Trump Jr.'s comments are not the first time someone in the middle of the Trump operation has lacked message discipline on the matter of tax returns. Trump's own running mate, Gov. Mike Pence, released his tax returns even as the campaign claimed they aren't necessary from the presidential nominee. Before she was Trump's campaign manager. Kellyanne Conway actually said back in April that Trump should release his tax returns. She told CNN's Don Lemon said of the then Ted Cruz-John Kasich alliance, "It's completely transparent," but noted, "Donald Trump's tax returns aren't, I would like to see those be transparent."

There is real reason to believe that Trump Jr.'s assertion is correct, and Trump's tax returns could lead to weeks of stories focused on Trump's financial dealings rather than the message to voters his campaign has been trying to focus on. David Fahrenthold of the Washington Post has been reporting a series of pieces on Trump's lack of donations to his own foundation and seeming aversion to charitable giving overall. But Fahrenthold can't make his claims as strongly about Trump's actual giving without any concrete proof of his financials.

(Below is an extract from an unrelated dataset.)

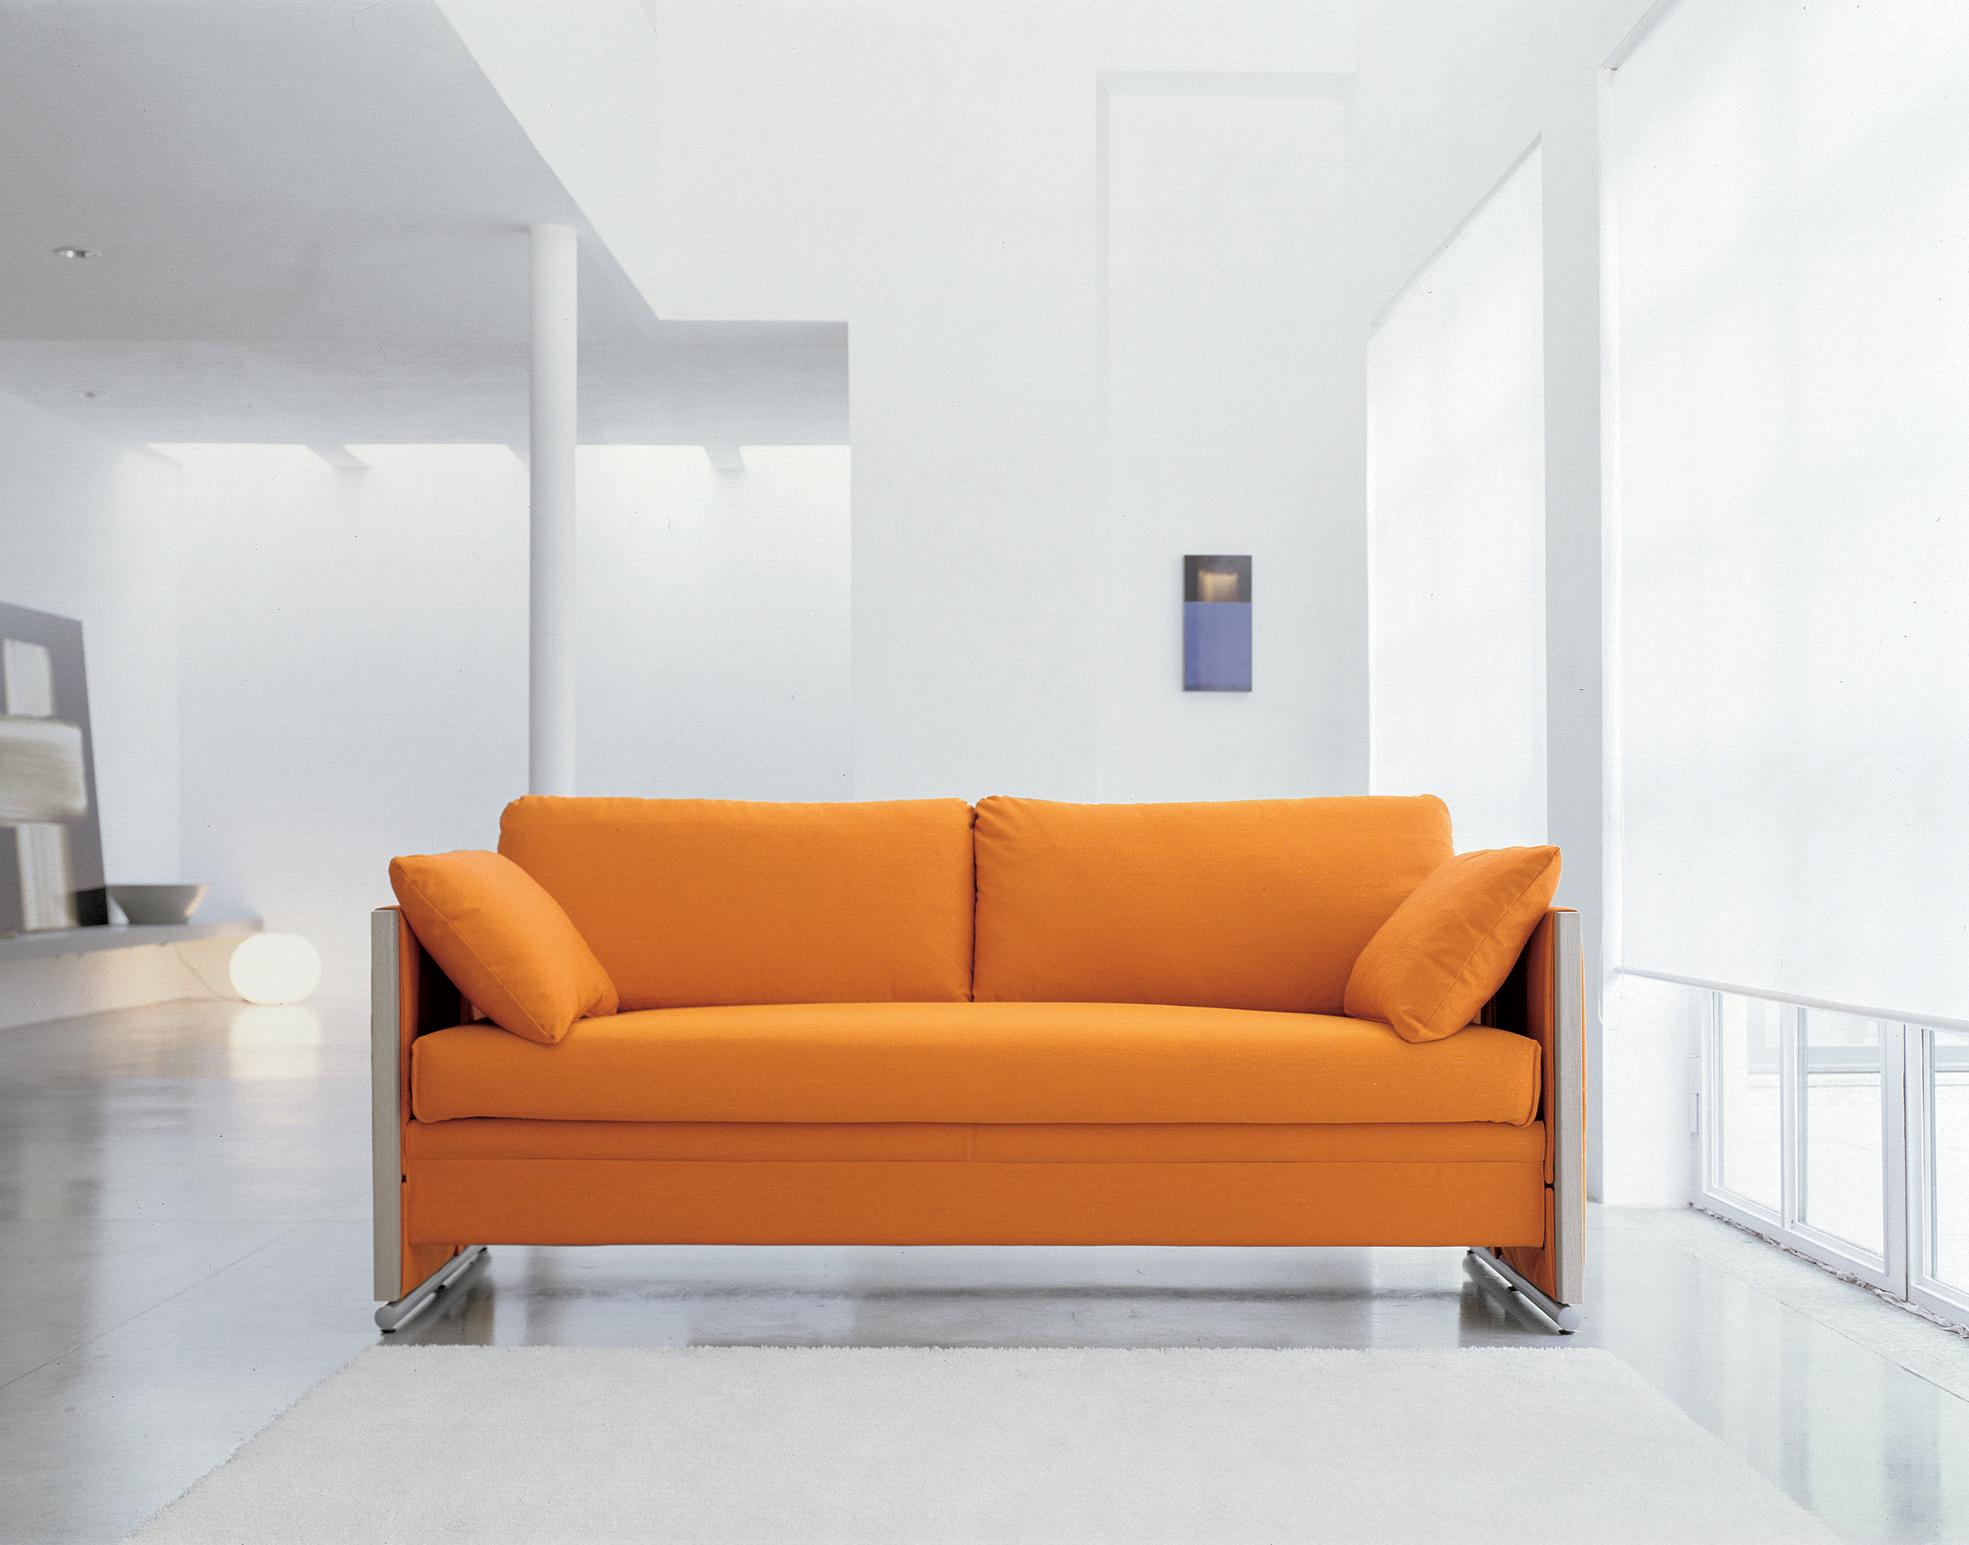 design sofas 31 creative furniture design ideas for small homes FPGQPWU
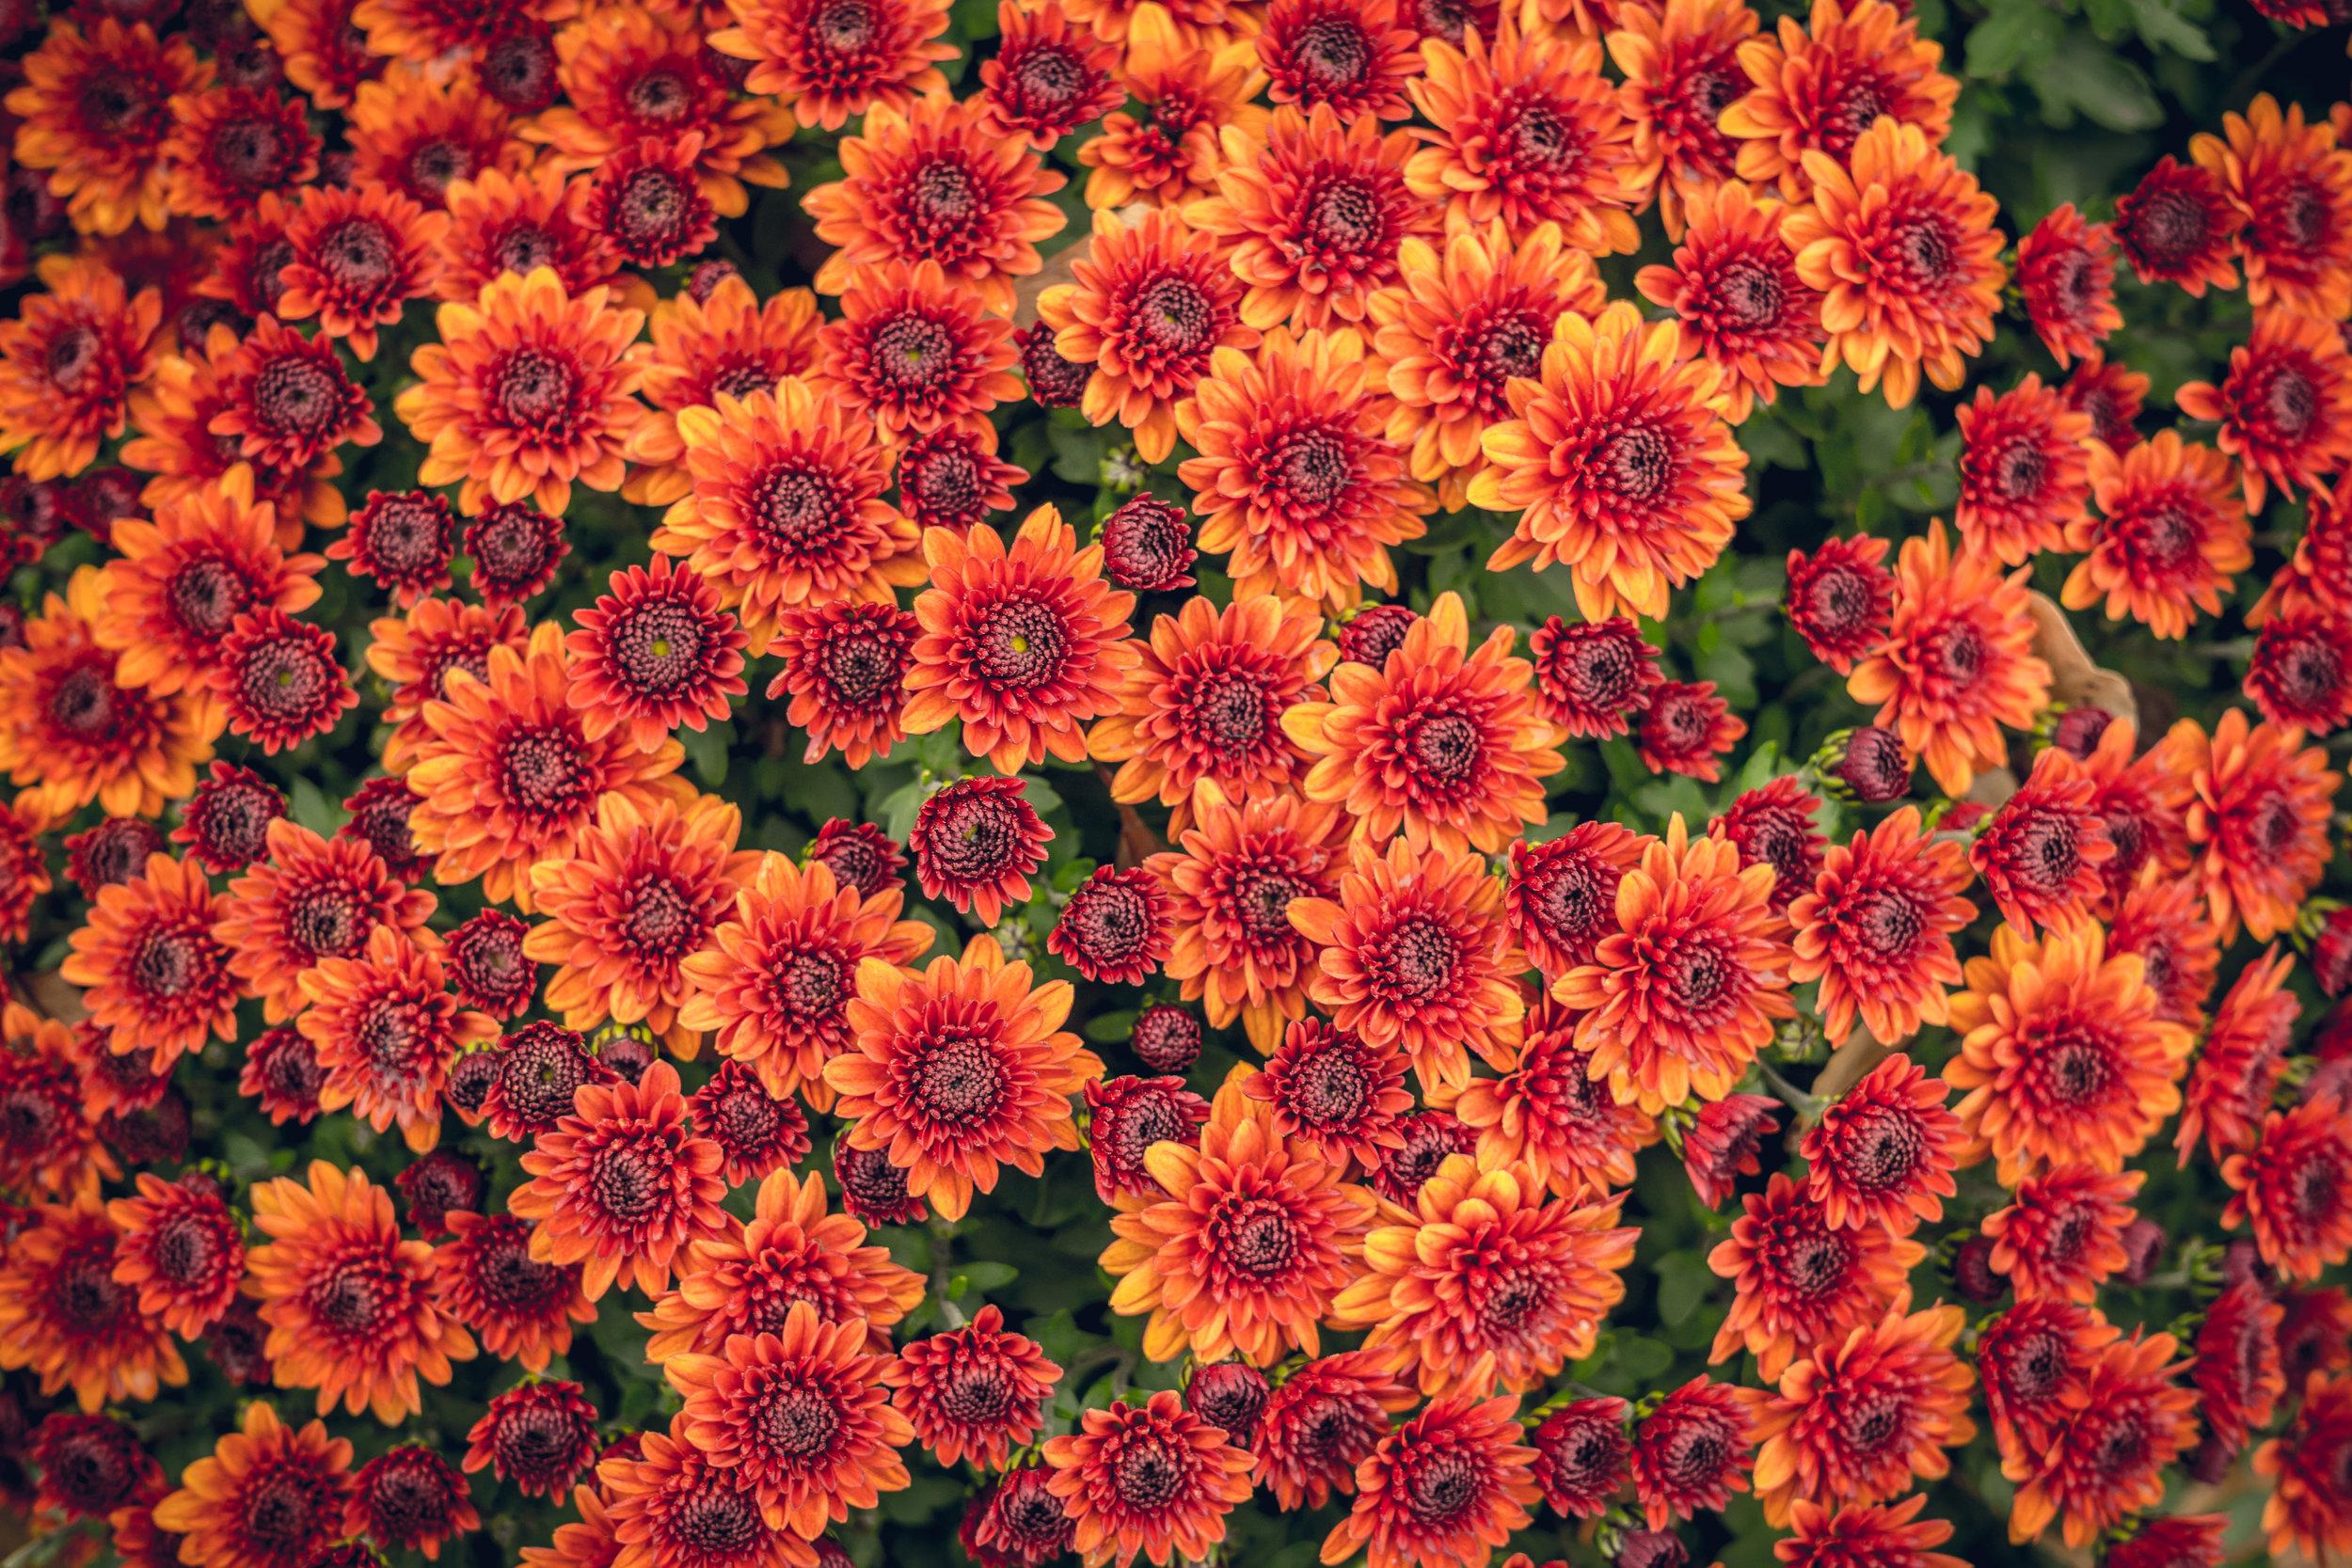 Scenic-autumn-chrysanthemums-615076240_5140x3428.jpeg

Tax lawyers have argued that the IRS allows Trump to release his tax returns under audit, anyway. And considering Trump's admitted distaste for disclosing bad information about himself, it's not surprising that the Clinton campaign is jumping on his lack of disclosure as hiding something sinister:

Maybe the period of what the Wall Street Journal's Doug Heye called, "unusual restraint," we've seen from the Trump campaign has come to a close.